▸ PROBLEM DESCRIPTION
Although the data below holds other lines too, output only those from the line with "Gorgeous landscape in" up to and including the line with "A very satisfactory", exactly as they appear.

▸ Records from a data collection
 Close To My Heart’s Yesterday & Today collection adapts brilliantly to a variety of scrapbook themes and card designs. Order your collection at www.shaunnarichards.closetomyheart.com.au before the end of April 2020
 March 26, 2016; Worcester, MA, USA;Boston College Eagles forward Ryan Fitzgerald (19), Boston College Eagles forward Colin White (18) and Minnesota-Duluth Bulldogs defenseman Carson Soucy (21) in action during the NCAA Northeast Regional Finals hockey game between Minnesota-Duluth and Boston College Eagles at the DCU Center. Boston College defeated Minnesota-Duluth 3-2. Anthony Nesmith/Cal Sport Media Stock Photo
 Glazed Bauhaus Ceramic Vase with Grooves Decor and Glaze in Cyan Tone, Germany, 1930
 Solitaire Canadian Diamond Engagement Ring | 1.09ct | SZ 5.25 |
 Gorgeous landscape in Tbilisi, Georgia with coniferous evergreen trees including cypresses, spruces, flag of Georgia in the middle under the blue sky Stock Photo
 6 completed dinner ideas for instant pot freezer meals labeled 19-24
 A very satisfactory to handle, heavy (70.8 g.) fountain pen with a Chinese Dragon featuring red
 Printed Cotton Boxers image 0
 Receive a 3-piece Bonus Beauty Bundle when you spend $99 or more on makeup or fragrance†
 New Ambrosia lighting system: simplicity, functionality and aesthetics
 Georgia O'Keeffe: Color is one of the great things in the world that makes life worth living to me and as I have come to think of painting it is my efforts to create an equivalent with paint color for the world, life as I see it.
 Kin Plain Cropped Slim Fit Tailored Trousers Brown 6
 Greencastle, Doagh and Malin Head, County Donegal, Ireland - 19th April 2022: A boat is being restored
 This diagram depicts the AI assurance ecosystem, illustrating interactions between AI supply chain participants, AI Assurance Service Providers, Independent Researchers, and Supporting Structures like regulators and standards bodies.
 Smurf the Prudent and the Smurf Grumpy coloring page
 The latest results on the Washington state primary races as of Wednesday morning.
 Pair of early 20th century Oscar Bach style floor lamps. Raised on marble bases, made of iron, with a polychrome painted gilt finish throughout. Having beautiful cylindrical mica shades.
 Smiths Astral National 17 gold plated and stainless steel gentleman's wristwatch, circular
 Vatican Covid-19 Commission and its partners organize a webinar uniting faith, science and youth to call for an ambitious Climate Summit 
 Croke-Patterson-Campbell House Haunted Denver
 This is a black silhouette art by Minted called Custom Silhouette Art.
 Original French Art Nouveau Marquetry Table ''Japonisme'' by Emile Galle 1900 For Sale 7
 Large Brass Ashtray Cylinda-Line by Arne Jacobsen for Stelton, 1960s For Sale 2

▸ COMPLETED EXERCISE
 Gorgeous landscape in Tbilisi, Georgia with coniferous evergreen trees including cypresses, spruces, flag of Georgia in the middle under the blue sky Stock Photo
 6 completed dinner ideas for instant pot freezer meals labeled 19-24
 A very satisfactory to handle, heavy (70.8 g.) fountain pen with a Chinese Dragon featuring red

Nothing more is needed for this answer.